Slideshow SLIDESHOW: New Goat City: A Beginner's Guide to Eating Goat in New York

[Photographs: Chris Crowley, unless otherwise noted]

Serious eaters, lets talk goat. For too many Americans, this fifth estate of mammalian protein remains a strange and unfamiliar proposition. Even in a progressive city like New York, it remains largely a curiosity outside the immigrant communities where it is a staple. Those less inclined to indulge in goat's earthy and gamey delights will dismiss it as "barnyardy." Okay, fair: when it comes to flavor, it's no secret that goat struts its stuff.

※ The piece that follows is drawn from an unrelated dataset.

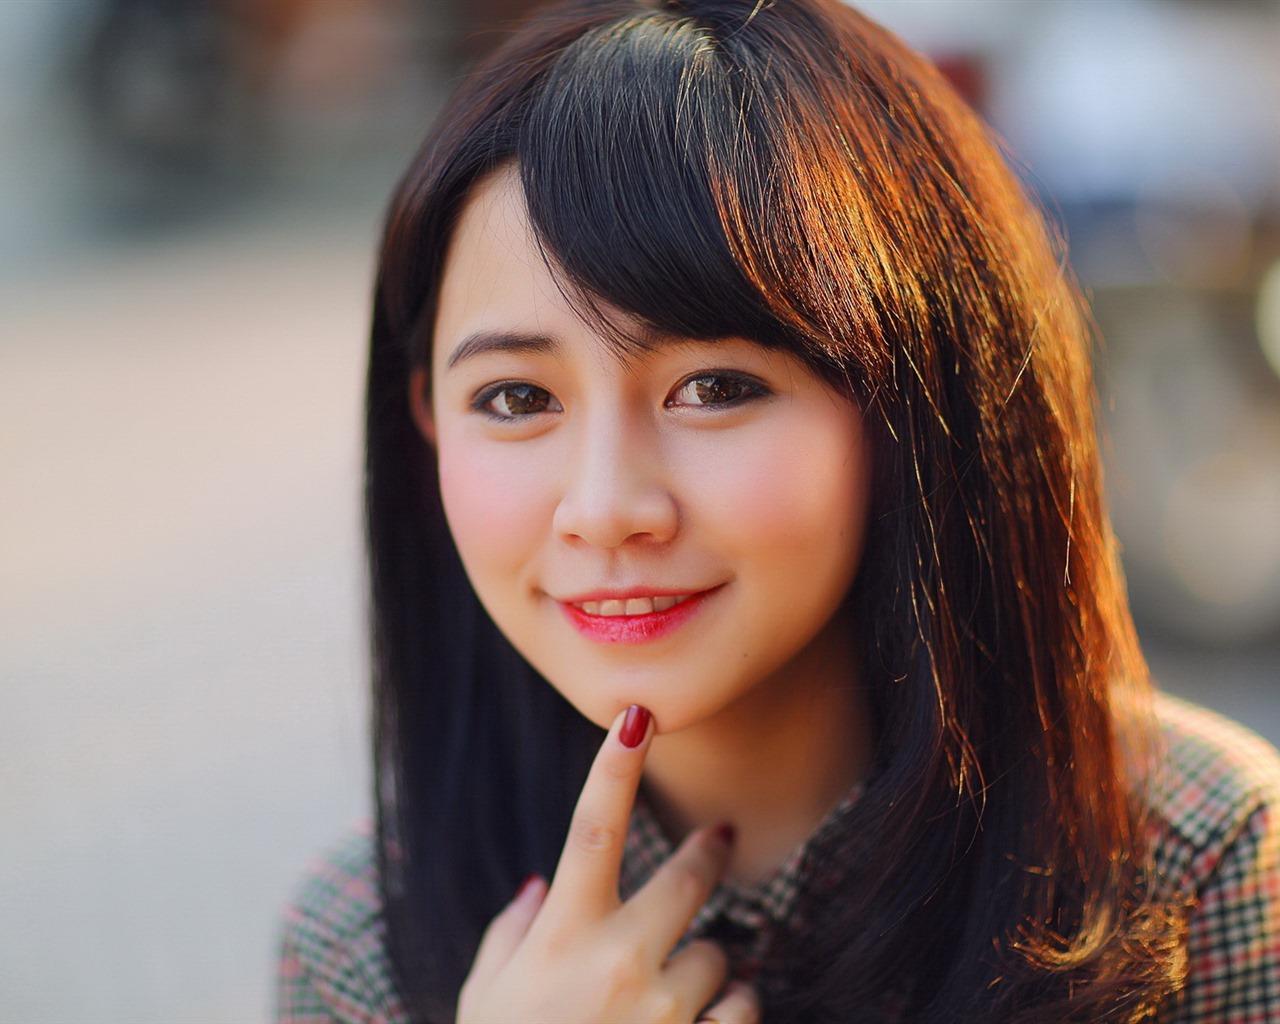 亚洲高清合集一区_清纯可爱年轻的亚洲女孩 高清壁纸合集(一)1 - 1280x1024

We aren't here to deny that—in fact, it's one of the reasons we like goat in the first place. Only a few years ago, trend spotters were stamping the "next big thing" title on their favorite plate of braised goat shank. It looks like we're still a few years away from that being the case, but in the meantime, who cares? You don't need to be hip to eat goat, and it doesn't need to be pigeonholed as a novelty meat without versatility.

Goat can be the centerpiece of a feast, an accent of spicy parotta kothu, the makings of a damn good curry (Eastside and Westside), and—as we noticed when doing our research—a real fine gravy. I'm going to get it out of way right here and now and declare that goat is at its best when liquified. You can get seriously deep and rich broths out of it, broths that will have you asking what you've been missing all your life, with most of the funk cooked out to boot. I don't mean to beg, but can we please see more goat-based gravies and consommés at our fancy restaurants? (Some consommé de chivo at Empellon, perhaps...)

But I digress.


Look at that shank. Nothing to fear.

Without further delay, we present to you the "Serious Eats Beginner's Guide To Goat In New York City."

Full disclaimer: this is not a definitive list of every single goat dish worth hustling for in New York. Rather, consider it a comprehensive launching point from which to begin or expand your exploration of the delights of goat in our city's restaurants.

To fulfill that aim, we've covered the basics—dishes like goat curry and barbacoa (for which we list multiple options)—and then some, providing a thoroughly globe trotting selection. We like goat, as does most of the rest of the world, and we want you to like it as much as we do.

Whether you want nouveau Massaman curry in Manhattan, homemade Murican pasta with ground goat in Brooklyn, or Peruvian braised goat shank in Queens, we've got you covered. We're talking 18 dishes and all five boroughs, here. Who's ready to eat them all?

View A Beginner's Guide to Eating Goat in New York in a larger map.

African & European


East Asian

Latin American

South Asian

Bonus Video

About the author: Chris Crowley is the author of the Bronx Eats column. Follow him on Twitter, if you'd like. In person, your best bet is the window seat at Neerob, or waiting in line at the Lechonera La Piranha trailer.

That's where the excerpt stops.